Abbiamo trovato una barriera corallina in Puglia
Al largo di Monopoli, lunga 2,5 chilometri e molto in profondità: è la prima scoperta nel Mediterraneo
Il 5 marzo sulla rivista scientifica Scientific Reports è stato pubblicato un articolo su una scoperta inaspettata: nel mare Adriatico, al largo di Monopoli, in provincia di Bari, c’è una piccola barriera corallina. A scoprirla sono stati i ricercatori del dipartimento di Biologia dell’Università di Bari, guidati dal direttore Giuseppe Corriero. È lunga almeno 2,5 chilometri – anche se si pensa che possa avere un’estensione maggiore, da Bari a Otranto, con alcuni tratti di interruzione – e si trova a una profondità compresa tra i 30 e i 55 metri sotto il livello del mare, dunque maggiore rispetto a quelle delle barriere coralline caraibiche o delle Maldive.
Proprio perché si trova più in profondità rispetto alle barriere coralline più conosciute, la struttura di questa barriera mediterranea è diversa, ha spiegato Corriero a Repubblica: «Nel caso delle barriere delle Maldive o australiane i processi di simbiosi tra le madrepore [gli animali marini che costituiscono i banchi corallini, ndr] sono facilitati dalla luce, mentre la nostra barriera vive in penombra e quindi le madrepore costituiscono queste strutture imponenti di carbonato di calcio in assenza di alghe». Per questo i colori che si vedono nelle fotografie della barriera corallina pugliese sono meno accesi. Somigliano però a quelle della barriera corallina del mar Rosso, a sua volta più in profondità rispetto a quelle australiane e caraibiche. Il termine scientifico per definirle è «mesofotiche», che significa che ricevono poca luce.
I gruppi di animali comunemente chiamati “coralli” sono colonie di centinaia di antozoi, invertebrati lunghi pochi millimetri che vengono anche chiamati “polipi” – e non vanno confusi con i polpi, anche se sono dotati di tentacoli. Un corallo non è quindi un singolo organismo, ma l’insieme di una miriade di individui. Le barriere coralline, che si trovano solitamente in acque marine calde e poco profonde, sono grandi strutture accumulate le une sulle altre da successive generazioni di coralli: quando muoiono, infatti, si lasciano dietro le formazioni calcaree dei loro scheletri.

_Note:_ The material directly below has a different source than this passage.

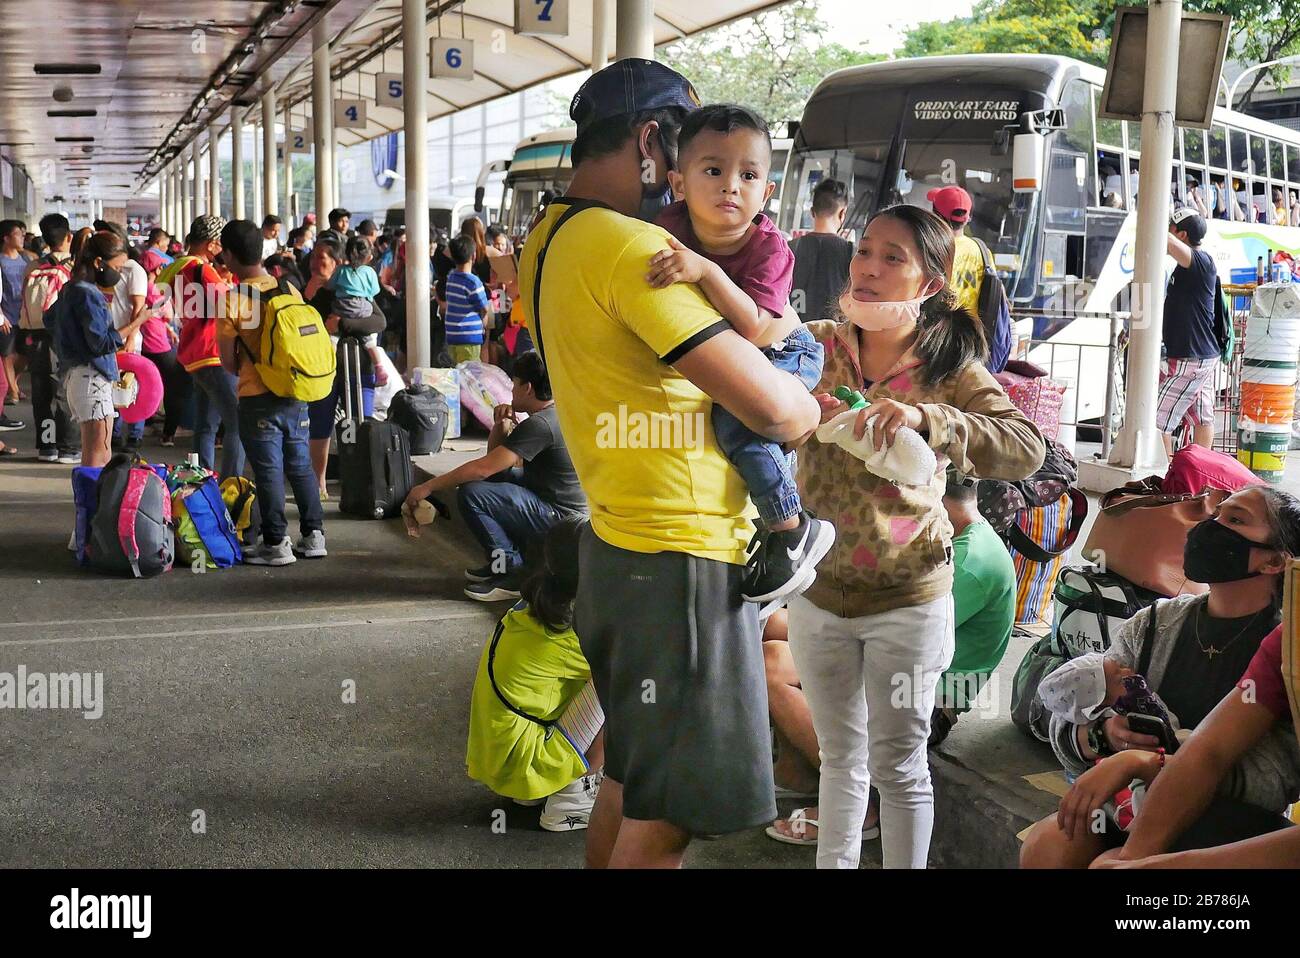 Ciudad De Quezon, Región Capital Nacional, Filipinas. 14 de marzo de 2020. Una madre aplicando alcohol de frotamiento sobre su hijo mientras esperan su viaje en autobús. Crédito: George Buid/Zuma Wire/Alamy Live News Foto de stock

Nel linguaggio comune quando si parla di “barriera corallina” si intendono anche tutti gli altri esseri viventi – pesci compresi – che vivono nell’habitat creato dai coralli e noto per una grande biodiversità, favorita dall’accumulo di risorse nutritive
La barriera è stata scoperta grazie all’analisi di un filmato subacqueo dalla ricercatrice Frine Cardone, interessata a studiarlo per cercare i molluschi bivalvi che stava studiando. Lo stesso video, realizzato da un robot filoguidato, era stato girato qualche anno fa insieme ad altre centinaia di ore di filmato, per cercare praterie di corallo rosso e non certo una barriera. Prima di arrivare alla pubblicazione dell’articolo su Scientific Reports ci sono stati tre anni di studi, realizzati in collaborazione con l’Università Tor Vergata di Roma e con quella del Salento.
Quella pugliese è la prima barriera corallina trovata nel mar Mediterraneo, ma secondo Corriero non si può escludere che ce ne siano altre che come questa non sono mai state scoperte prima perché a profondità elevate. I giornali che hanno dato la notizia hanno già provato a ipotizzare cosa succederà ora: da un lato bisognerà capire se siano necessarie misure di protezione ambientale per preservare la barriera, dall’altro la sua presenza potrebbe attirare turisti interessati alle immersioni subacquee, almeno nei tratti meno profondi. Quello che è sicuro è che saranno necessarie altre ricerche per capire bene che estensione abbia la barriera.